For many people with advanced cancer, the hardest part of treatment is knowing whether a given drug is actually likely to help. This study looks at a powerful test called whole-genome sequencing, which reads nearly all of the DNA changes in a person’s tumor in one go. The researchers asked a simple but crucial question: when this test is used in everyday hospital care, does it really change what happens to patients?

A single test instead of many

Traditional cancer testing often works like a slow relay race. Doctors order one DNA test, wait for the result, then order another, each looking for a different marker that might match a specific drug. This stepwise approach can burn through precious tumor tissue and time. Whole-genome sequencing takes a different tack: from a fresh-frozen tumor sample and a blood sample, it captures almost all DNA changes in a single run. That includes common drug targets, complex rearrangements, signs that a tumor might respond to immunotherapy, and inherited risk variants that could matter for family members.
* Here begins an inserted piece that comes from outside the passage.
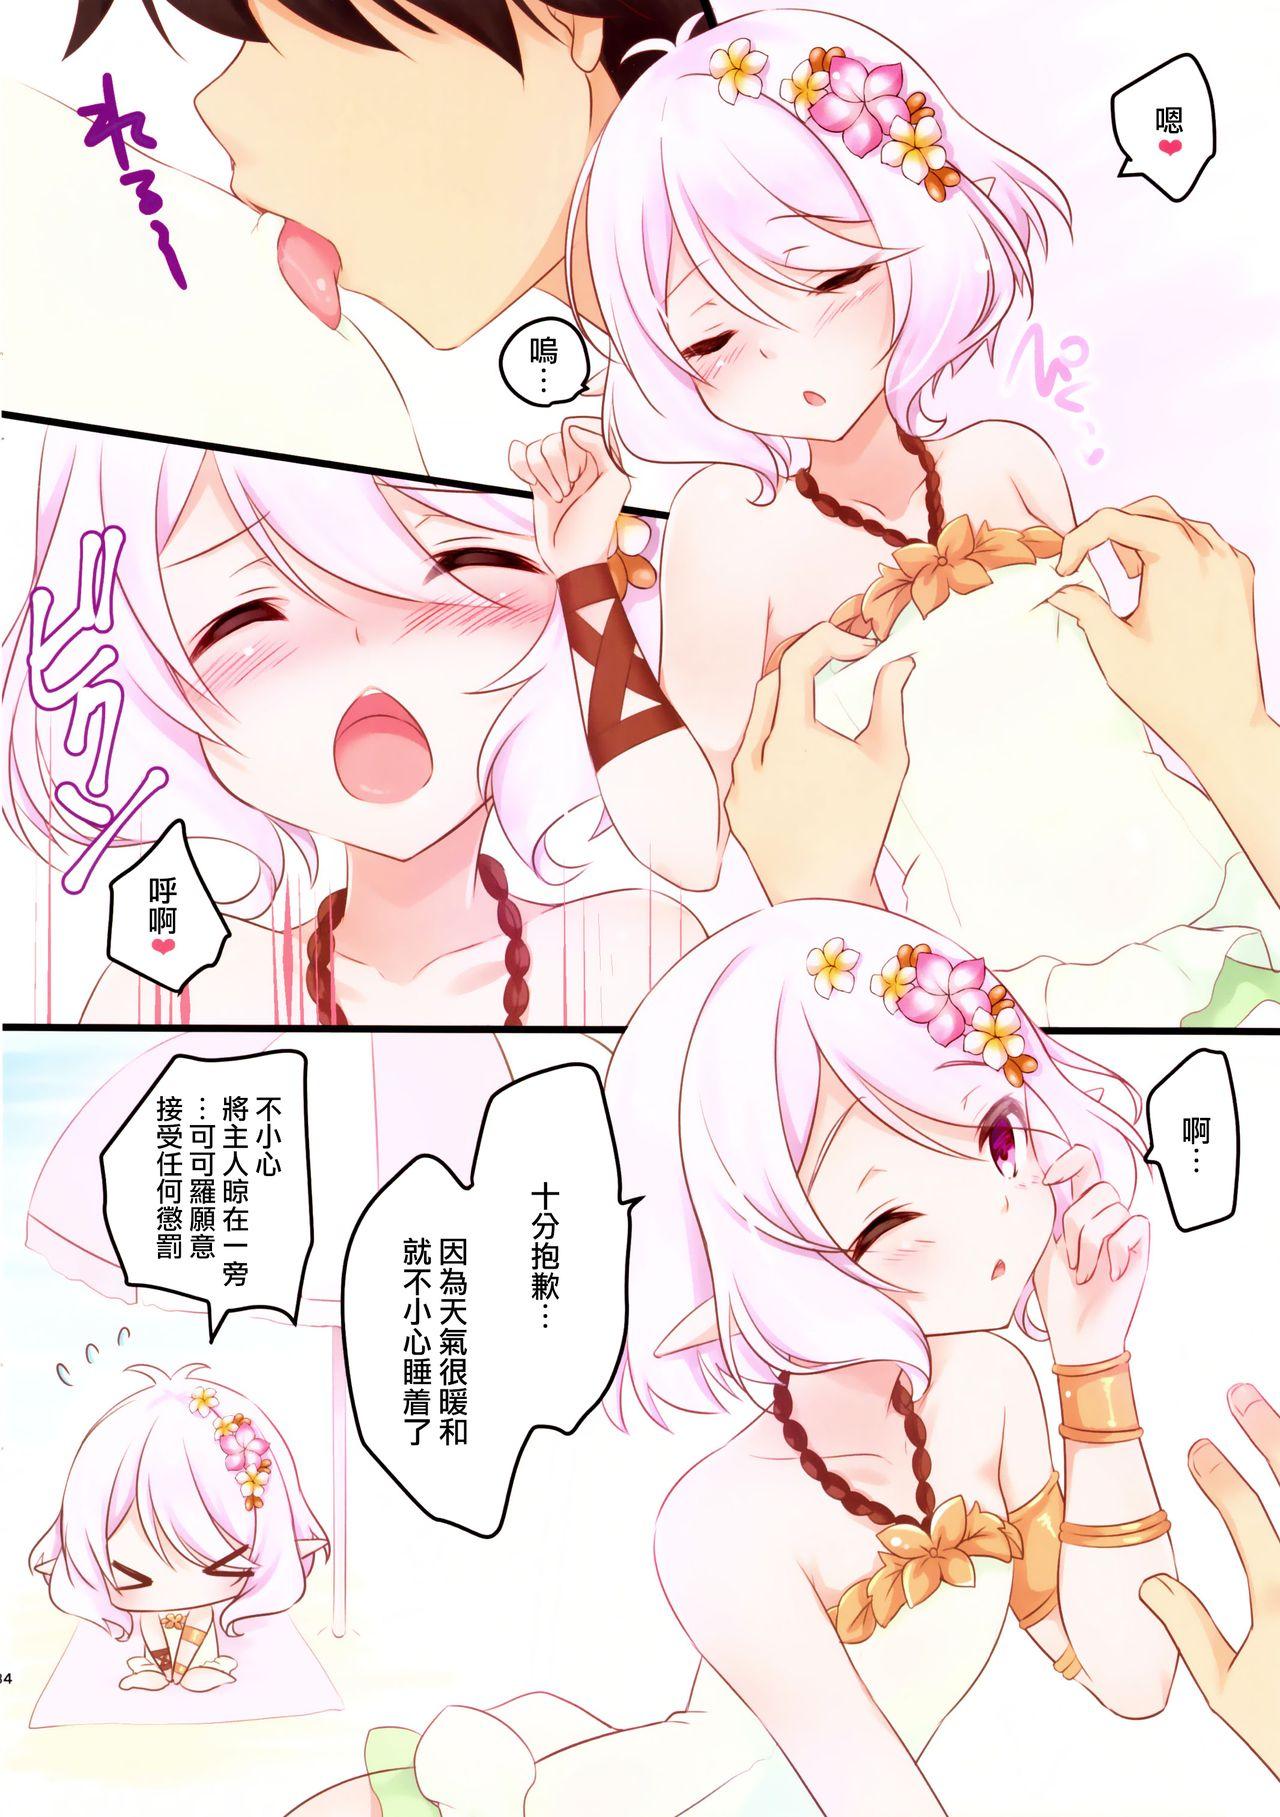 Mouth Kokkoro-tan to Natsuyasumi - Princess connect Fingering - Page 5

In the Netherlands, one cancer center made this broad test part of routine care for patients with hard-to-treat solid tumors and followed what happened next.

How well the test worked in real life

The team reviewed 1,052 requests for whole-genome sequencing between early 2021 and late 2022. After excluding samples without enough tumor cells or DNA, they obtained successful reports for 793 tumor samples from 723 patients. Most samples came from lung cancers, cancers of unknown primary origin, and soft tissue sarcomas. Turnaround was fast enough for clinical decisions: typically six working days from sample arrival at the sequencing lab to a report back in the hospital. Using the DNA readout, specialists cataloged which tumors had features that could point to existing or experimental treatments and logged those decisions in a molecular tumor board.
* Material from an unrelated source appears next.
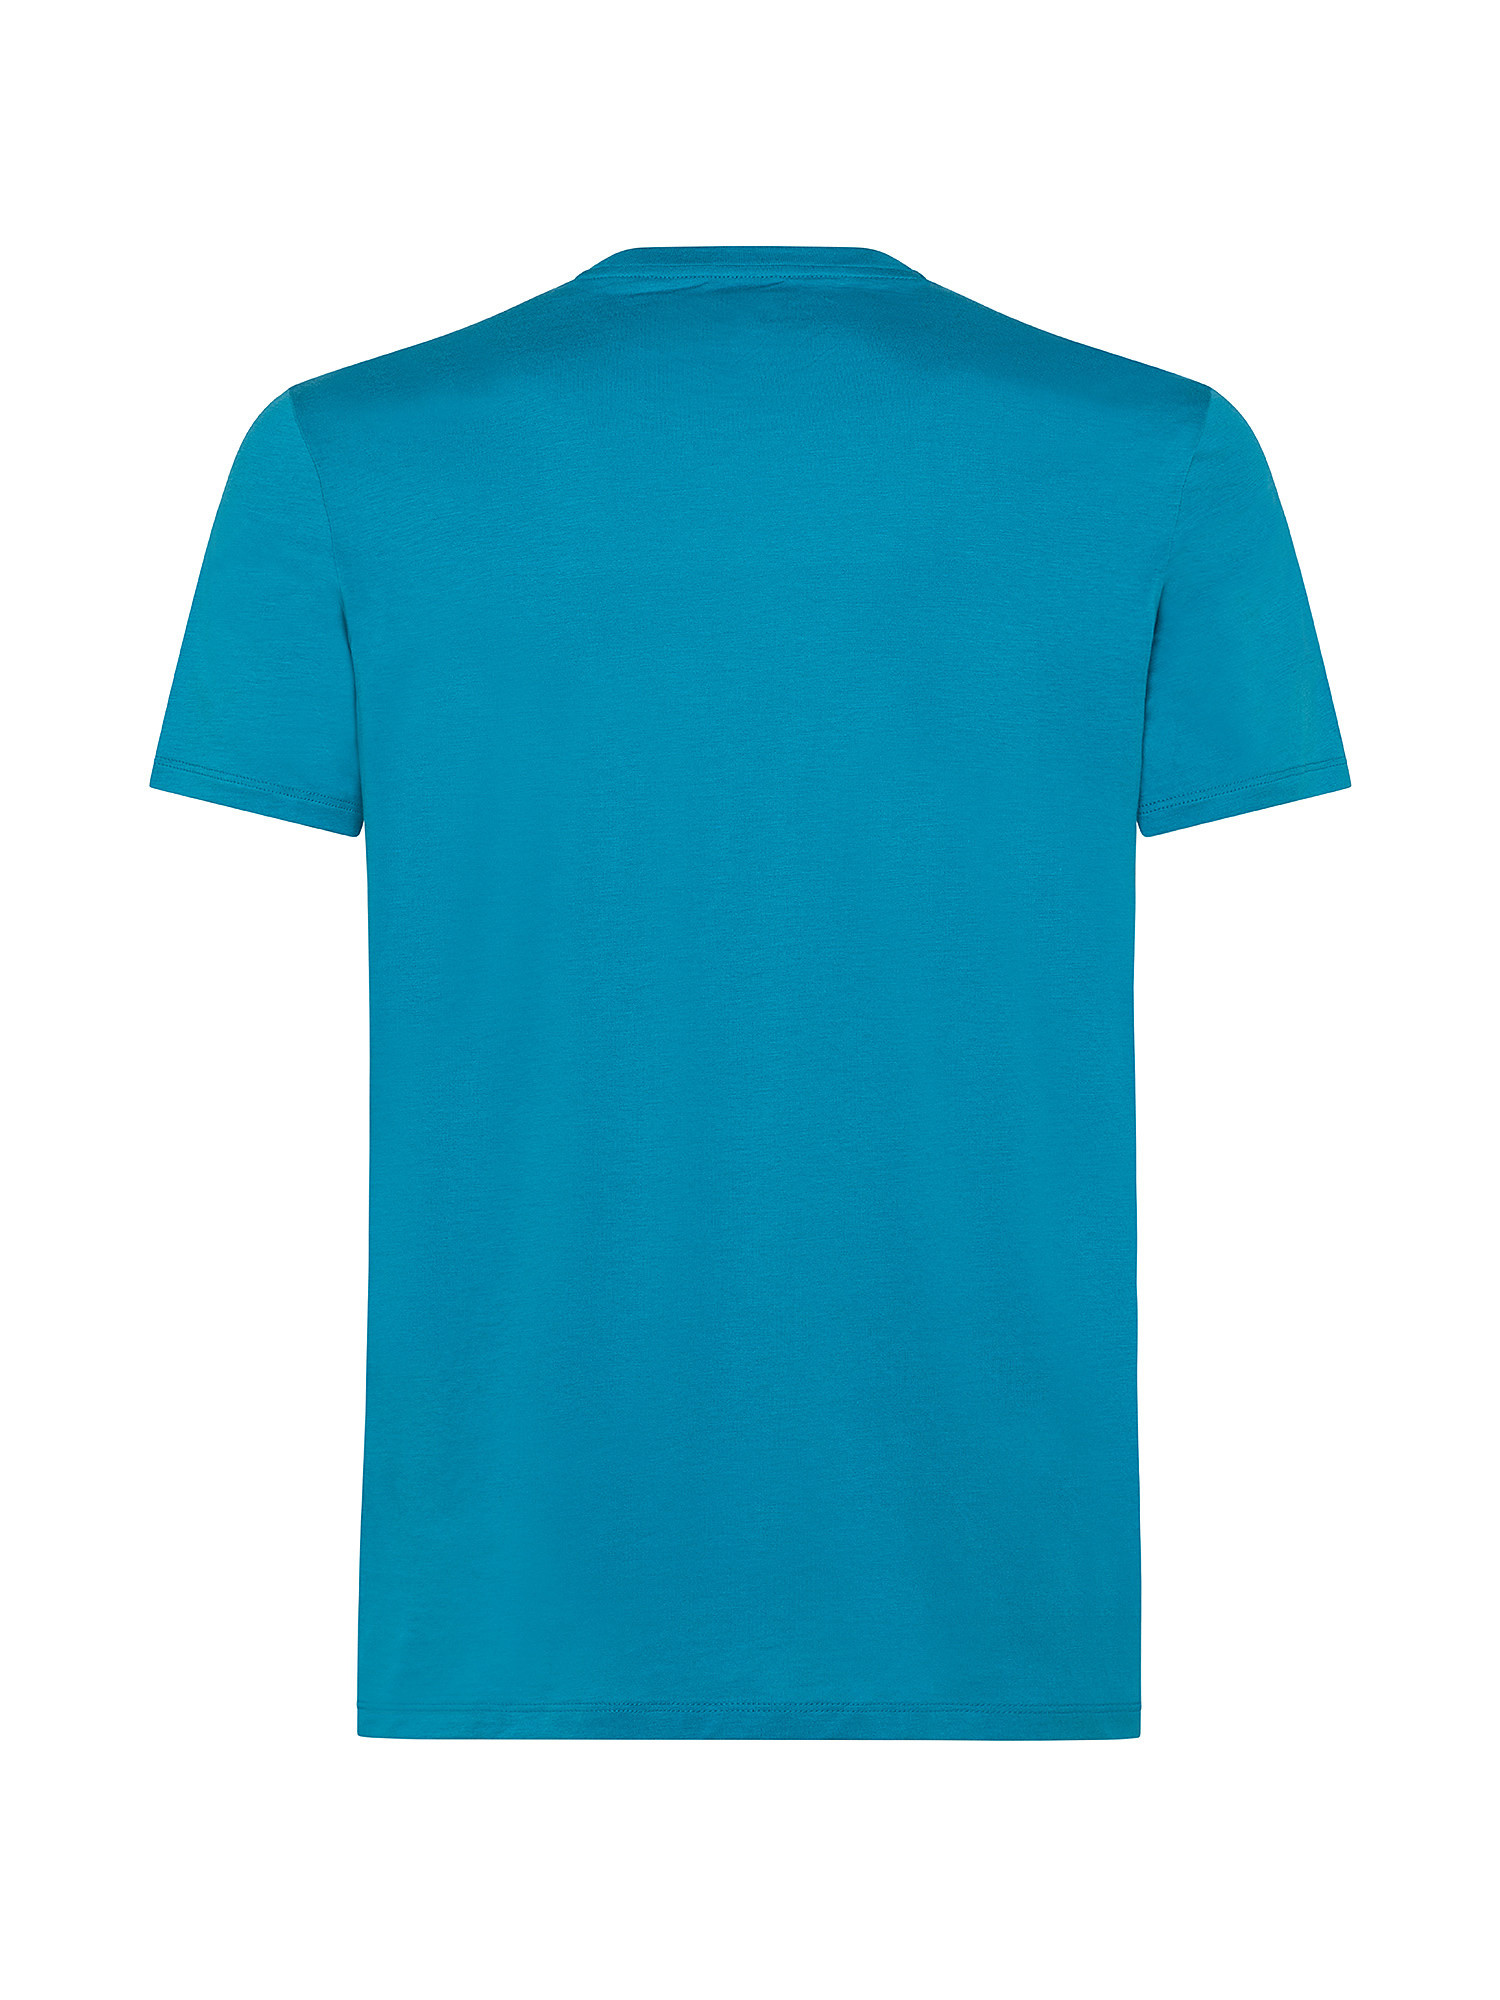 T-shirt, Azzurro turchese, large image number 1

Finding more options than standard panels

Across all patients, 73% had at least one “actionable” DNA signal that could guide therapy selection or avoidance. About a quarter had markers linked to drugs already reimbursed as standard care, while nearly two-thirds had markers that could make them eligible for clinical trials or early-access programs. When the researchers digitally mimicked what would have been seen with smaller targeted gene panels, they found that even a large 523-gene test would have missed important opportunities in roughly one in ten patients, particularly complex gene fusions and a pattern called homologous recombination deficiency that points to sensitivity to certain drugs. Whole-genome sequencing also uncovered clinically relevant inherited variants in about 6.5% of patients, half of which had not been picked up by previous genetic testing.
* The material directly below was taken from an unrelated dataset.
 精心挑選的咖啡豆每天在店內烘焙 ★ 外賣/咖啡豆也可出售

Solving mystery cancers and guiding treatment

A striking benefit emerged for people with cancers of unknown primary origin, where doctors can see metastases but cannot find where the cancer started. In 63% of these cases, the genome test helped pin down a likely tissue of origin or refine the diagnosis, often allowing doctors to switch from vague “unknown primary” regimens to more tailored, tumor-type-specific treatment. Overall, 41% of all tested patients experienced a concrete clinical consequence of the whole-genome report: starting a biomarker-guided drug, entering a trial, receiving a revised or clarified diagnosis, or being referred for genetic counseling. For some patients with established diagnoses, the test even led to reclassification or finer subtyping of their cancer, with direct treatment changes.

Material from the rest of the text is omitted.